Big changes coming for Downtown Brooklyn’s dangerous Tillary Street
The city’s Department of Transportation is giving Tillary Street in Downtown Brooklyn a makeover.
Tillary Street is the main entrance to Brooklyn from the Brooklyn and Manhattan bridges, but its Downtown Brooklyn intersections are among the most dangerous in the city.
Construction has begun that will improve safety on the hazardous stretch by adding traffic-calming measures, improving bike lanes, widening pedestrian walkways and building wider medians and curb extensions. The plan will also beautify the currently drab streetscape with trees, plantings and benches.
The intersection of Tillary and Adams streets — popular with bikers and pedestrians going to and from the Brooklyn Bridge — averaged 39 crashes a year during a DOT study covering 2008-2010. During these three years, 144 people were injured — almost nine times the state average.
Another dangerous intersection is Tillary Street and Flatbush Avenue, averaging 37 crashes a year. During the three years of the study, 112 people were injured.
Pedestrians were killed at the intersection during years not included in the study, too. Among these was teacher Ron Mortensen, fatally hit by a car at the intersection of Tillary and Adams in 2007.

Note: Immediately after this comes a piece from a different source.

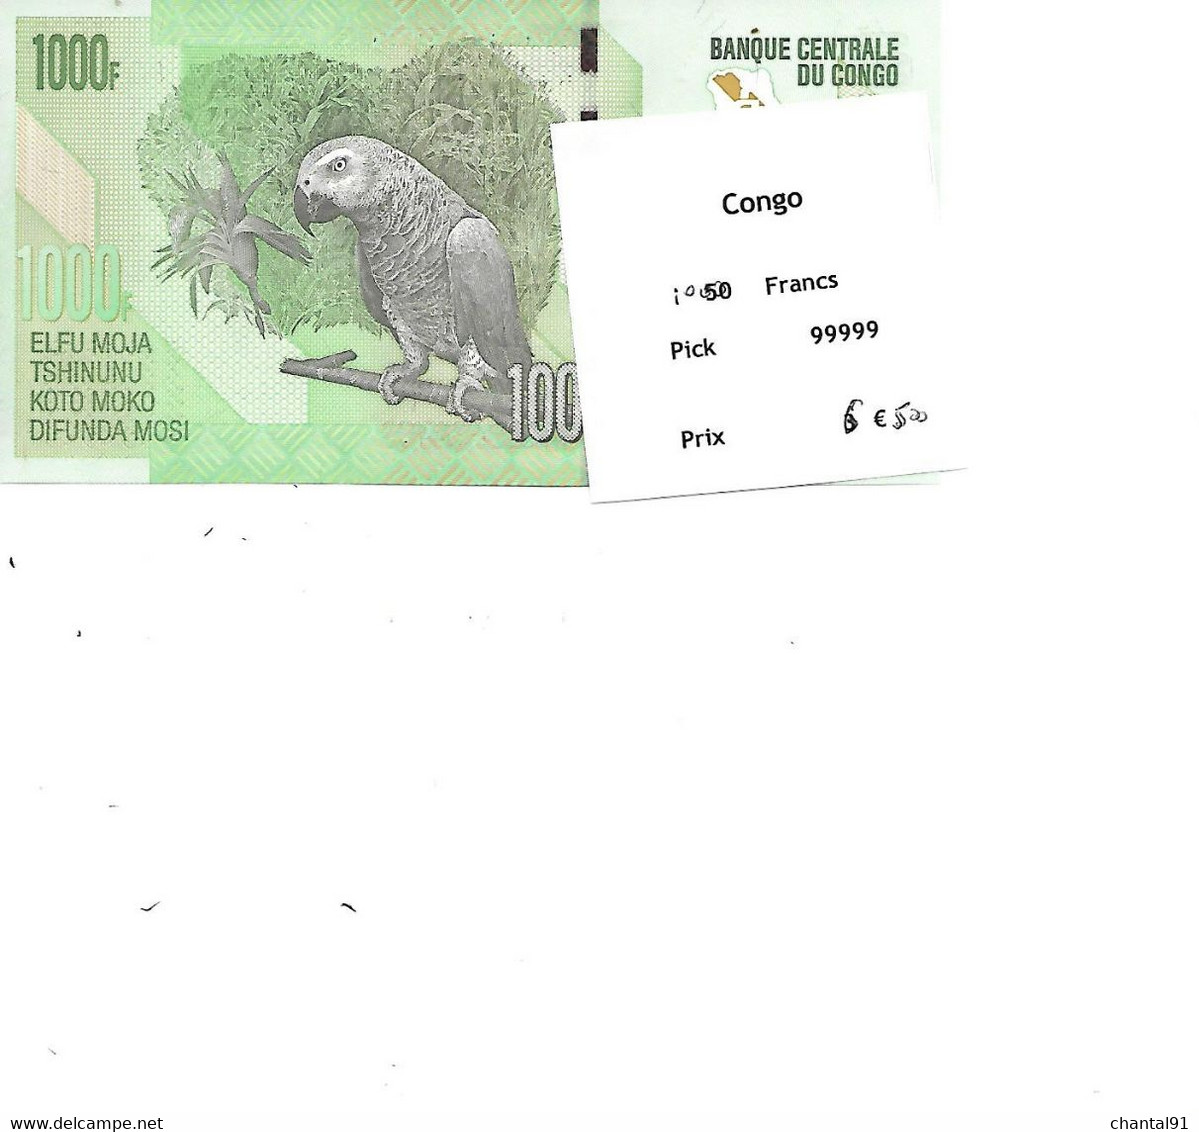 CONGO BILLET 1000 FRANCS PICK 99999 - Congo (Democratische Republiek 1998)

Mortensen tripped over his own shoes trying to run out of the way of a car, according to the McBrooklyn blog.
The project has been in the works since 2004, when Community Board 2 requested that the DOT take action on this section of Tillary. In the 2004 Downtown Brooklyn Traffic Calming Project report, CB2 wrote: “… the extremely congested and often dangerous Tillary Street/Adams Street intersection should be given a priority in terms of study and solutions offered.”
According to a DOT grant application, the improvements will reduce crashes by 20 to 30 percent in the area.
The project area includes the Federal Courthouse for the Eastern District of New York, New York City College of Technology, and the NYU Tandon campus. Several years ago the cost was estimated at $40 million.